YOUR GOAL: Output must consist only of the lines of the material below from the one with "16x boxes of" through the one with "Preparation and characterization", each reproduced exactly; no pictures belong in it.

TASK INPUTS:
::::::::::
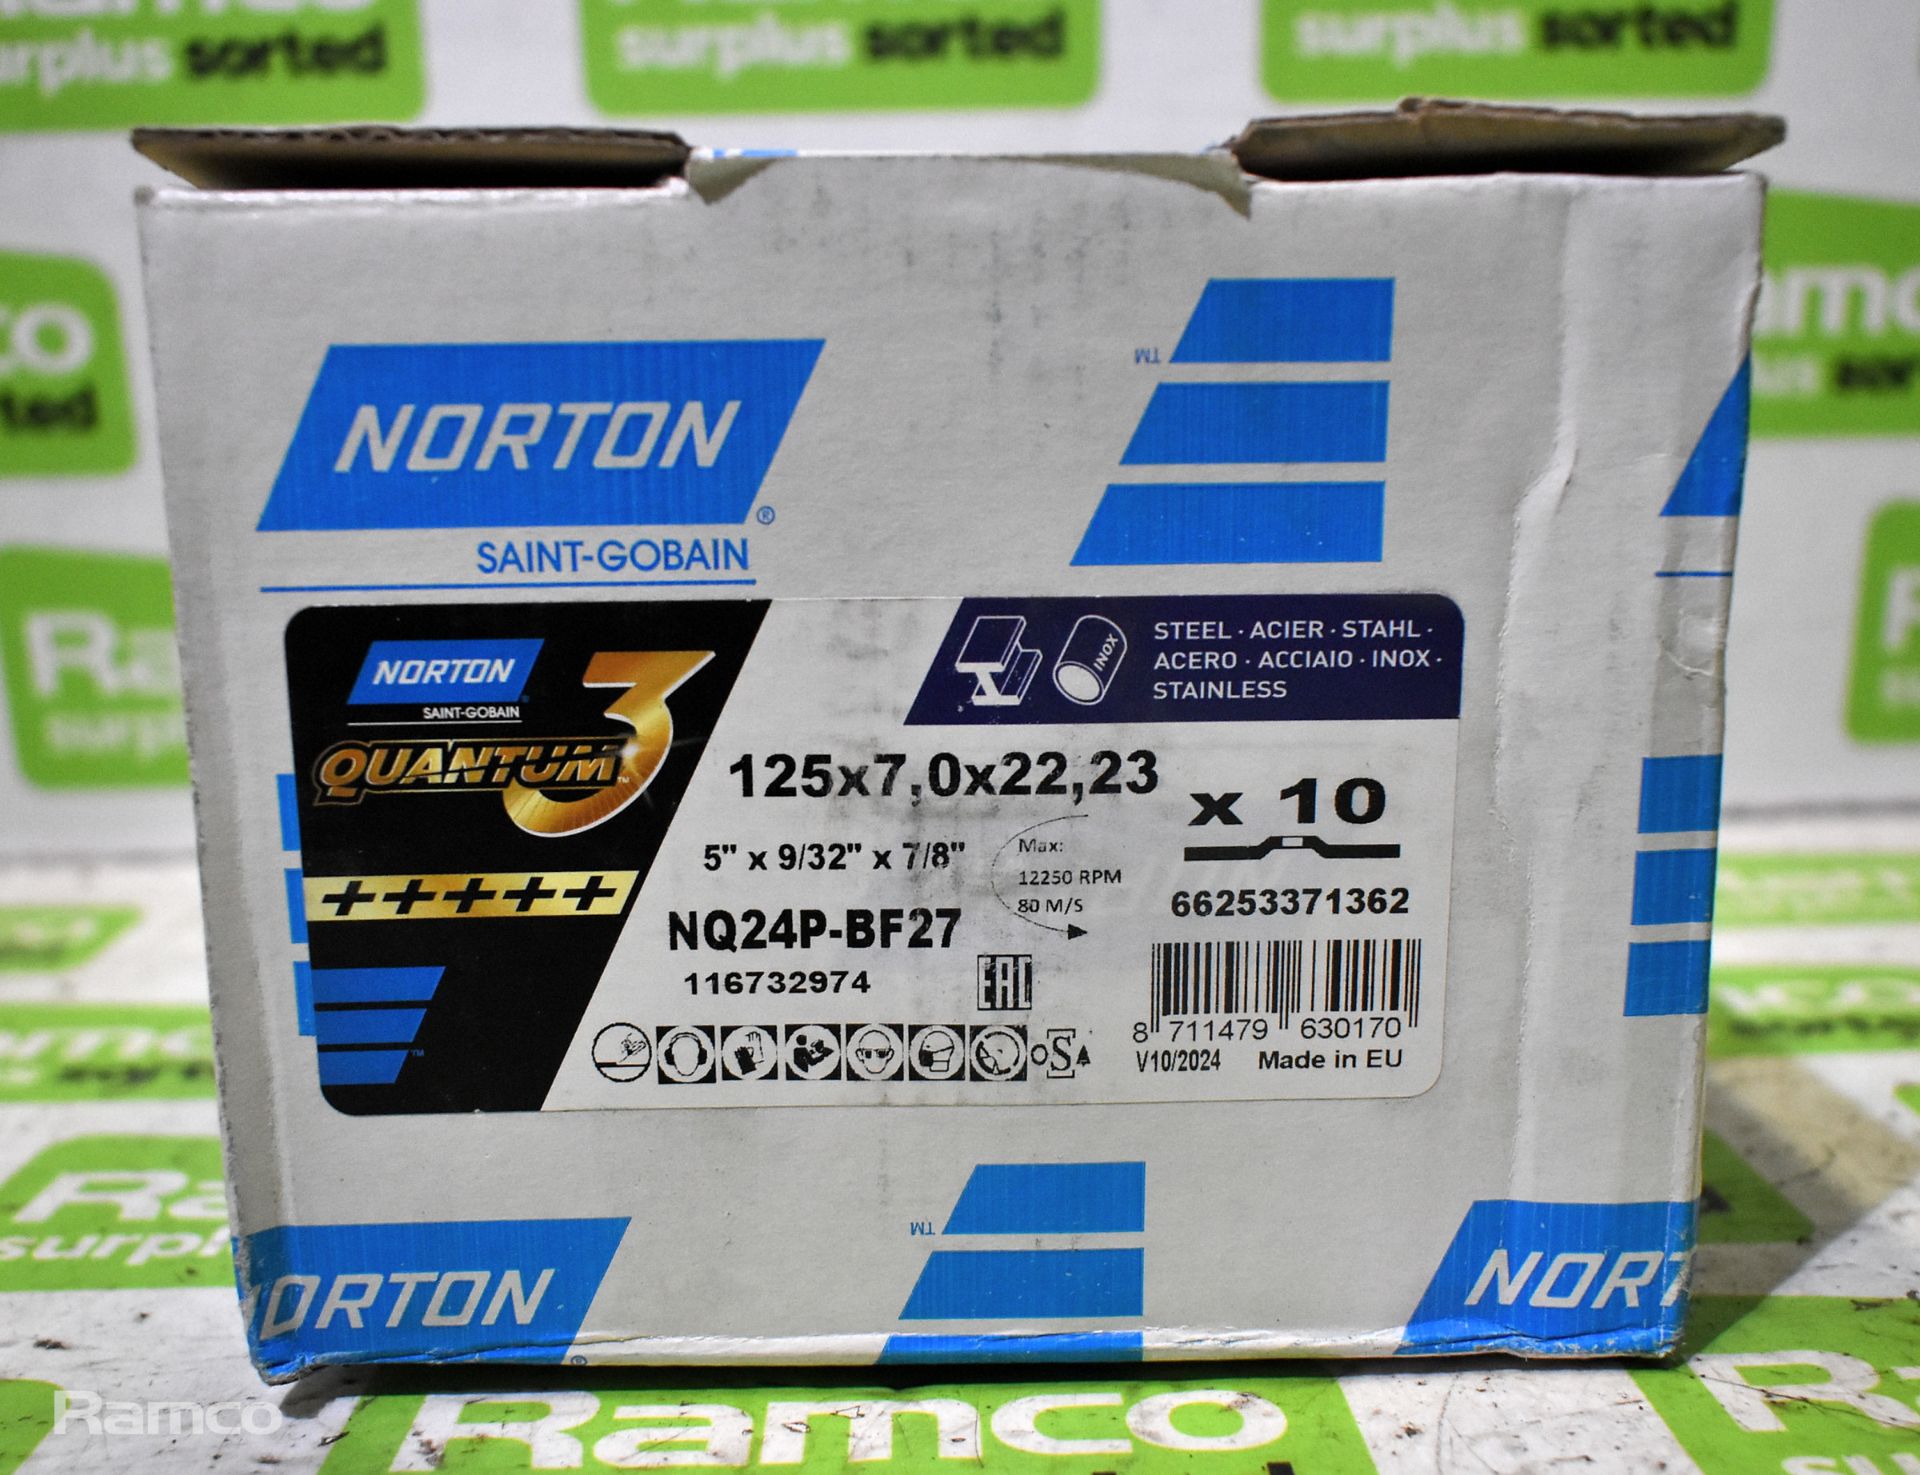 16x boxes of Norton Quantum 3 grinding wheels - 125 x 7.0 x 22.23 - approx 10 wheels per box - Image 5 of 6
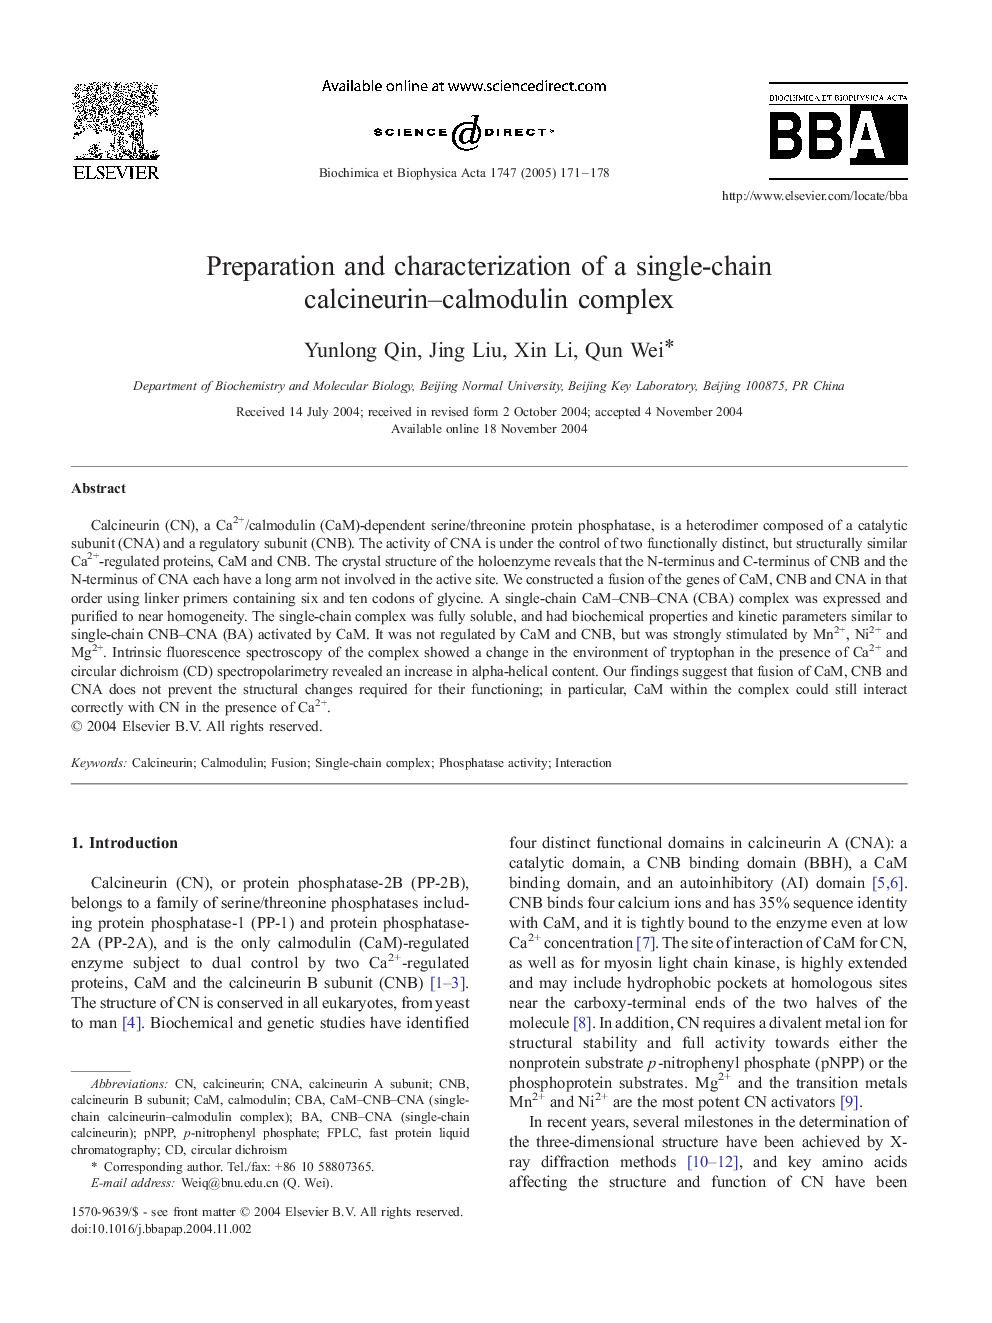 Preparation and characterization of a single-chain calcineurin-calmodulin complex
::::::::::
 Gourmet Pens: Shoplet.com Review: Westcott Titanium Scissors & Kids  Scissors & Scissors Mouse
::::::::::
RESPONSE TO THIS EXERCISE:
 16x boxes of Norton Quantum 3 grinding wheels - 125 x 7.0 x 22.23 - approx 10 wheels per box - Image 5 of 6
 Preparation and characterization of a single-chain calcineurin-calmodulin complex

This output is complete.